The ice PMD provides support for the Traffic Management API (RTE_TM), enabling users to configure and manage the traffic shaping and scheduling of transmitted packets. By default, all available transmit scheduler layers are available for configuration, allowing up to 2000 queues to be configured in a hierarchy of up to 8 levels. The number of levels in the hierarchy can be adjusted via driver parameters:

• the default 9-level topology (8 levels usable) can be replaced by a new topology downloaded from a DDP file, using the driver parameter ddp_load_sched_topo=1. Using this mechanism, if the number of levels is reduced, the possible fan-out of child-nodes from each level may be increased. The default topology is a 9-level tree with a fan-out of 8 at each level. Released DDP package files contain a 5-level hierarchy (4-levels usable), with increased fan-out at the lower 3 levels e.g. 64 at levels 2 and 3, and 256 or more at the leaf-node level.

• the number of levels can be reduced by setting the driver parameter tm_sched_levels to a lower value. This scheme will reduce in software the number of editable levels, but will not affect the fan-out from each level.

For more details on how to configure a Tx scheduling hierarchy, please refer to the rte_tm API documentation.

30.7.10.1. Additional Options

• Disable ACL Engine (default enabled)

  By default, all flow engines are enabled. But if user does not need the ACL engine related functions, user can set devargs parameter acl=off to disable the ACL engine and shorten the startup time.

  -a 18:01.0,cap=dcf,acl=off

Fig. 30.1 DCF Communication flow.

1. Create the VFs:

   echo 4 > /sys/bus/pci/devices/0000\:18\:00.0/sriov_numvfs
   

2. Enable the VF0 trust on:

   ip link set dev enp24s0f0 vf 0 trust on
   

3. Bind the VF0, and run testpmd with ‘cap=dcf’ with port representor for VF 1 and 2:

   dpdk-testpmd -l 22-25 -a 18:01.0,cap=dcf,representor=vf[1-2] -- -i
   

4. Monitor the VF2 interface network traffic:

   tcpdump -e -nn -i enp24s1f2
   

5. Create one flow to redirect the traffic to VF2 by DCF (assume the representor port ID is 5):

   flow create 0 priority 0 ingress pattern eth / ipv4 src is 192.168.0.2 \
   dst is 192.168.0.3 / end actions represented_port ethdev_port_id 5 / end
   

6. Send the packet, and it should be displayed on tcpdump:

   sendp(Ether(src='3c:fd:fe:aa:bb:78', dst='00:00:00:01:02:03')/IP(src=' \
   192.168.0.2', dst="192.168.0.3")/TCP(flags='S')/Raw(load='XXXXXXXXXX'), \
   iface="enp24s0f0", count=10)
   

30.8. Sample Application Notes

30.8.1. Vlan filter

Vlan filter only works when Promiscuous mode is off.

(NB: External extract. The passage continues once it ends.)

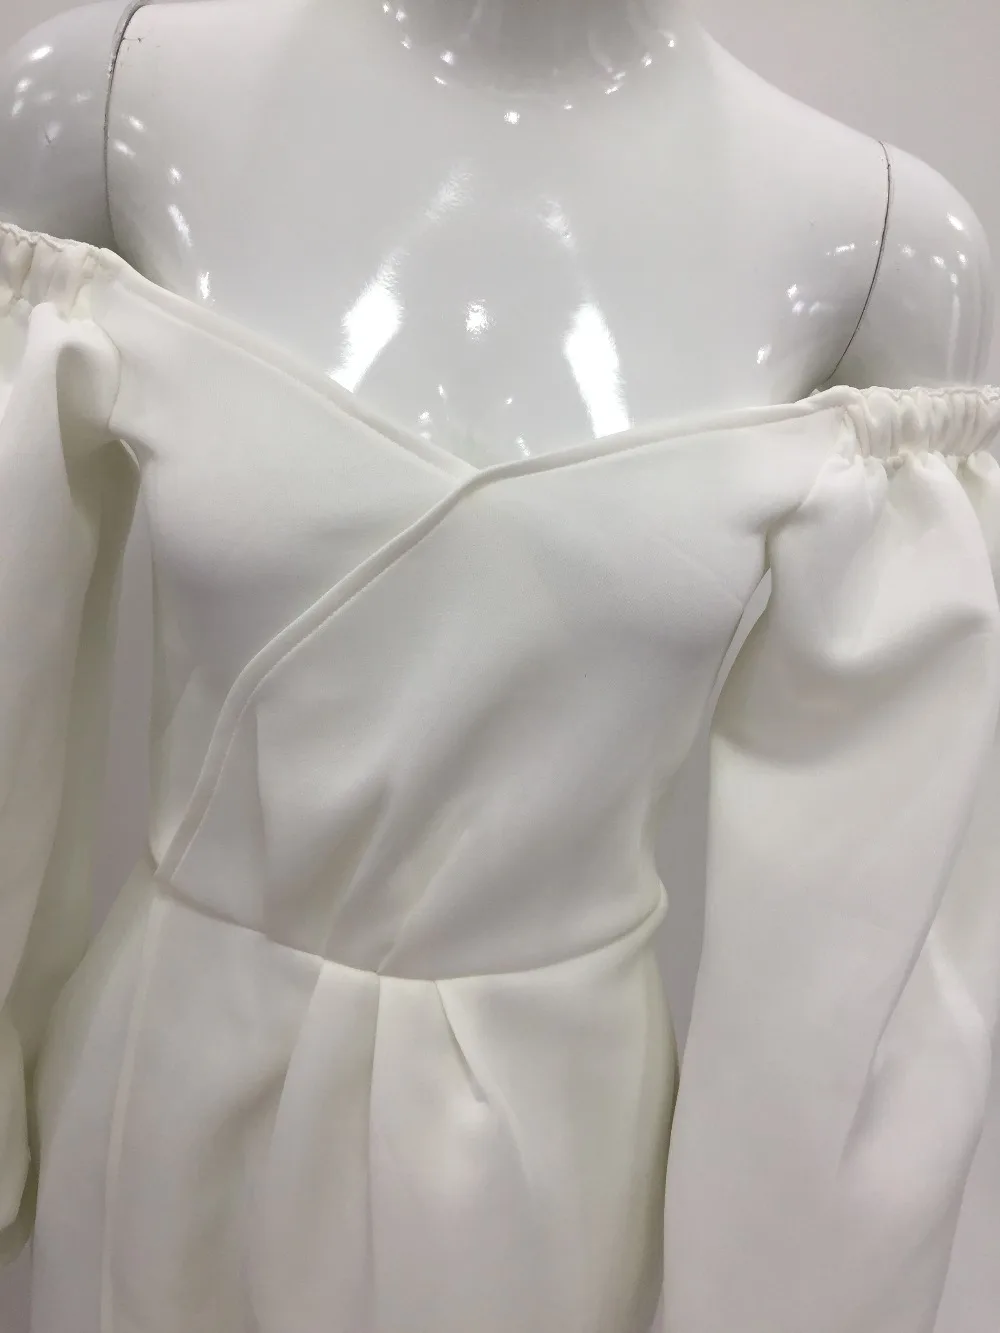 Белое Женское Платье макси с высоким разрезом,, сексуальный сарафан с открытыми плечами, вечерние, элегантные, летние, модные, сплошные, v-образный вырез, длинные платья

To start testpmd, and add vlan 10 to port 0:

./app/dpdk-testpmd -l 0-15 -- -i
...

testpmd> rx_vlan add 10 0

30.9. Diagnostic Utilities

30.9.1. Dump DDP Package

Dump the runtime packet processing pipeline configuration into a binary file. This helps the support team diagnose hardware configuration issues.

Usage:

testpmd> ddp dump <port_id> <output_file>

30.9.2. Dump Switch Configurations

Dump detail hardware configurations related to the switch pipeline stage into a binary file.

Usage:

testpmd> ddp dump switch <port_id> <output_file>

30.9.3. Dump Tx Scheduling Tree

Dump the runtime Tx scheduling tree into a DOT file.

Usage:

testpmd> txsched dump <port_id> <brief|detail> <output_file>

In “brief” mode, all scheduling nodes in the tree are displayed. In “detail” mode, each node’s configuration parameters are also displayed.